(Beginning of DATA SHOWN)
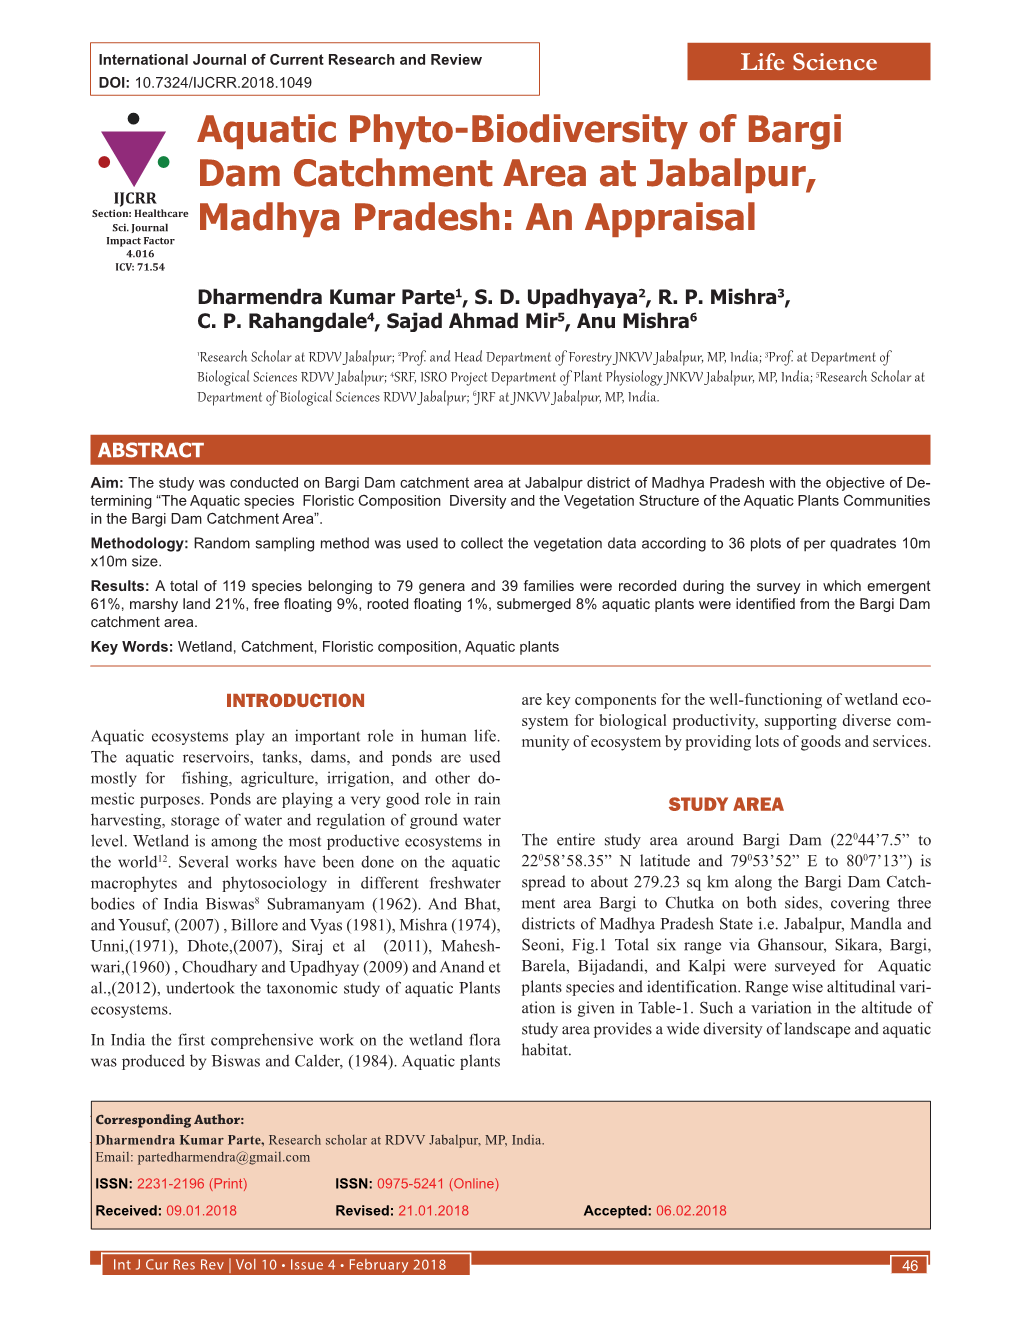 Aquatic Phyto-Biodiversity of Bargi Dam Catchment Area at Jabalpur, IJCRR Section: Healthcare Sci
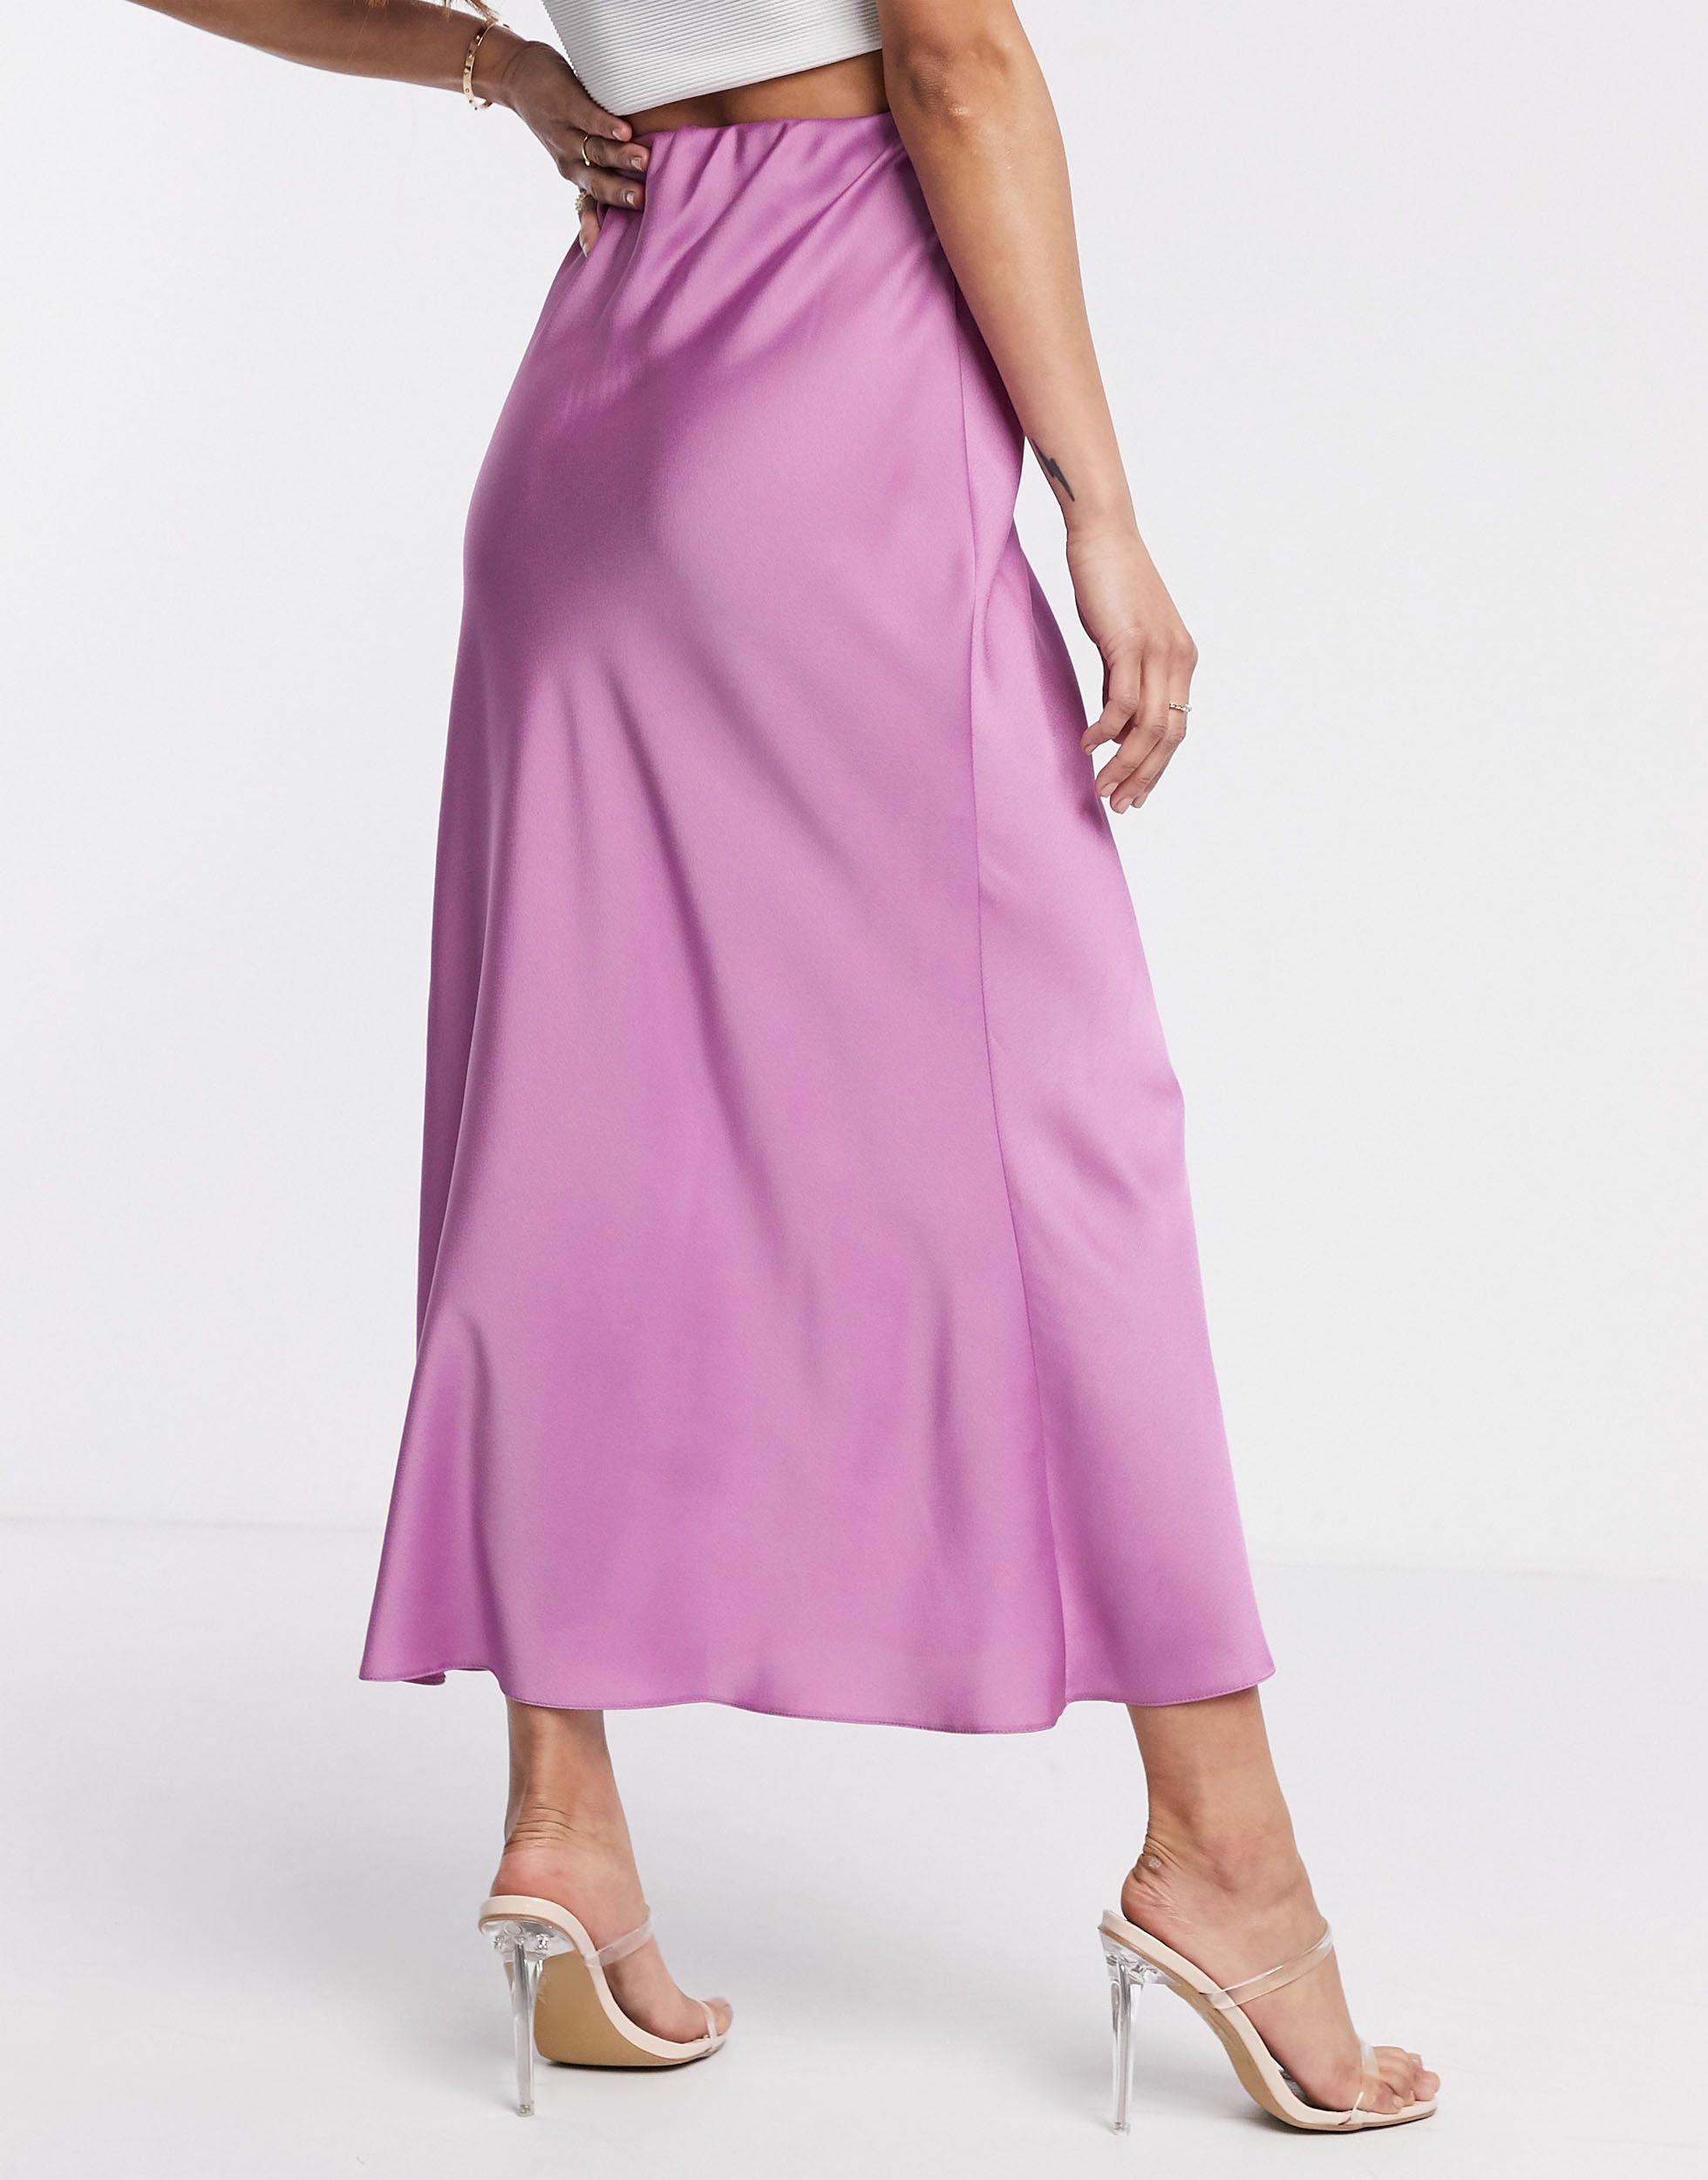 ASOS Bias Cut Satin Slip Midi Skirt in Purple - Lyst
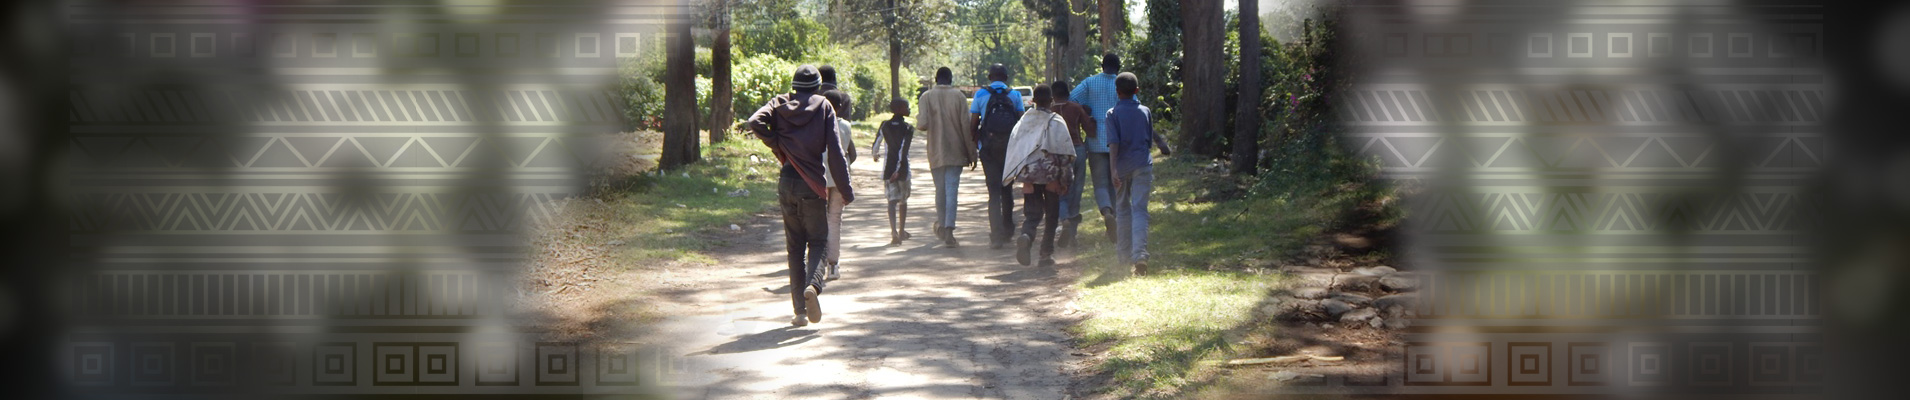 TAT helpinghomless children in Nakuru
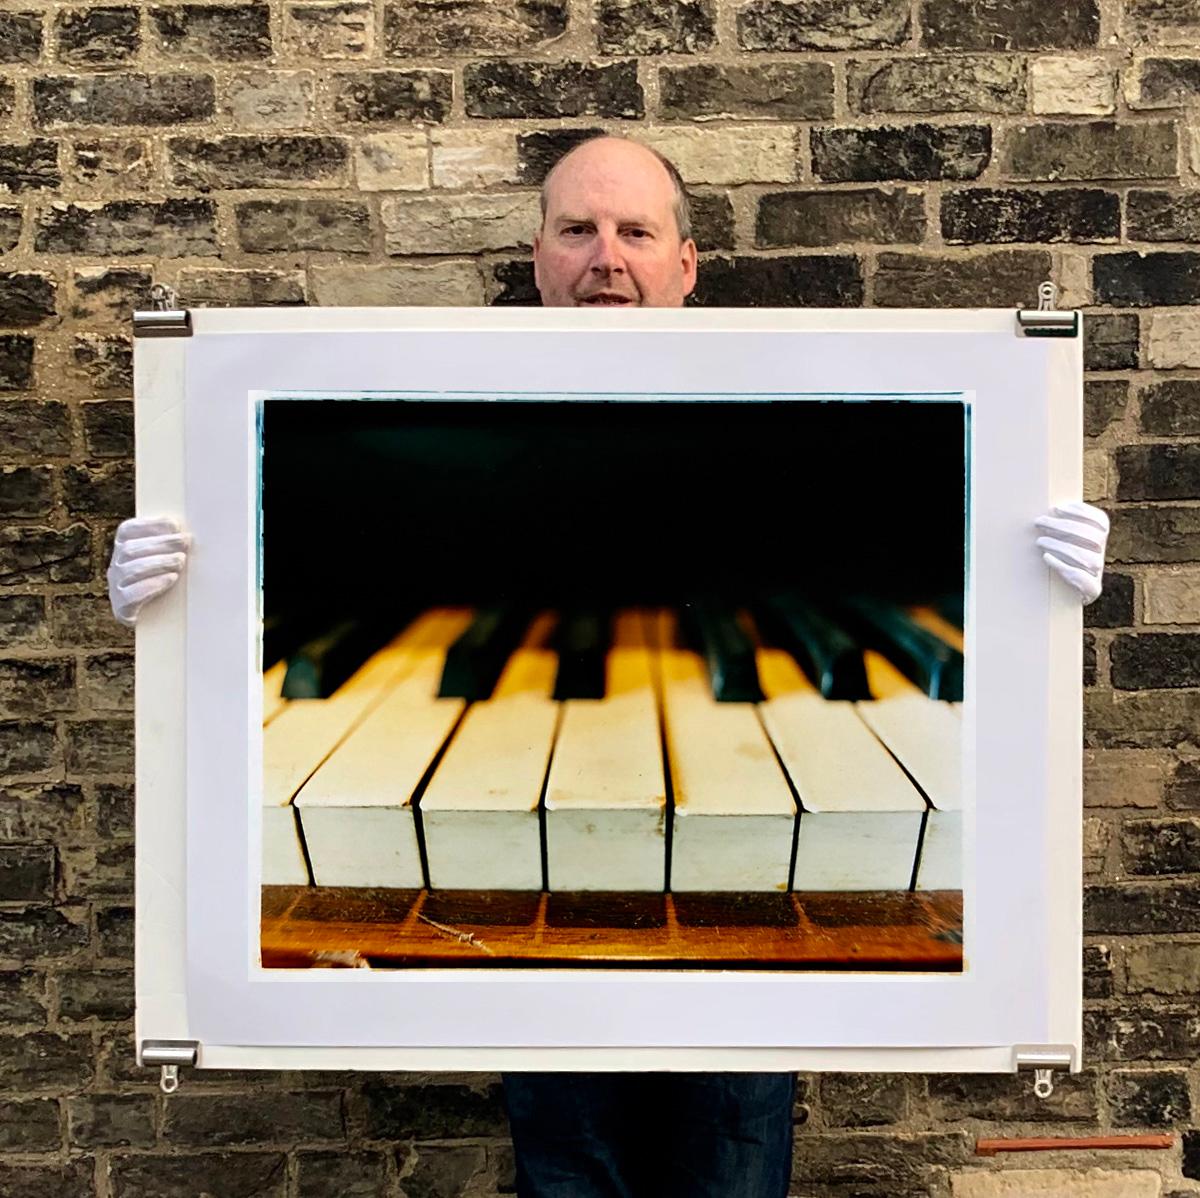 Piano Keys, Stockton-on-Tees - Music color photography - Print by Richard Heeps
(End of DATA SHOWN)
→ **WHAT IS NEEDED**: Every line of the material is to be quoted exactly, with no pictures carried over.

→ **SOLUTION TO THIS TASK**:
 Aquatic Phyto-Biodiversity of Bargi Dam Catchment Area at Jabalpur, IJCRR Section: Healthcare Sci
 ASOS Bias Cut Satin Slip Midi Skirt in Purple - Lyst
 TAT helpinghomless children in Nakuru
 Piano Keys, Stockton-on-Tees - Music color photography - Print by Richard Heeps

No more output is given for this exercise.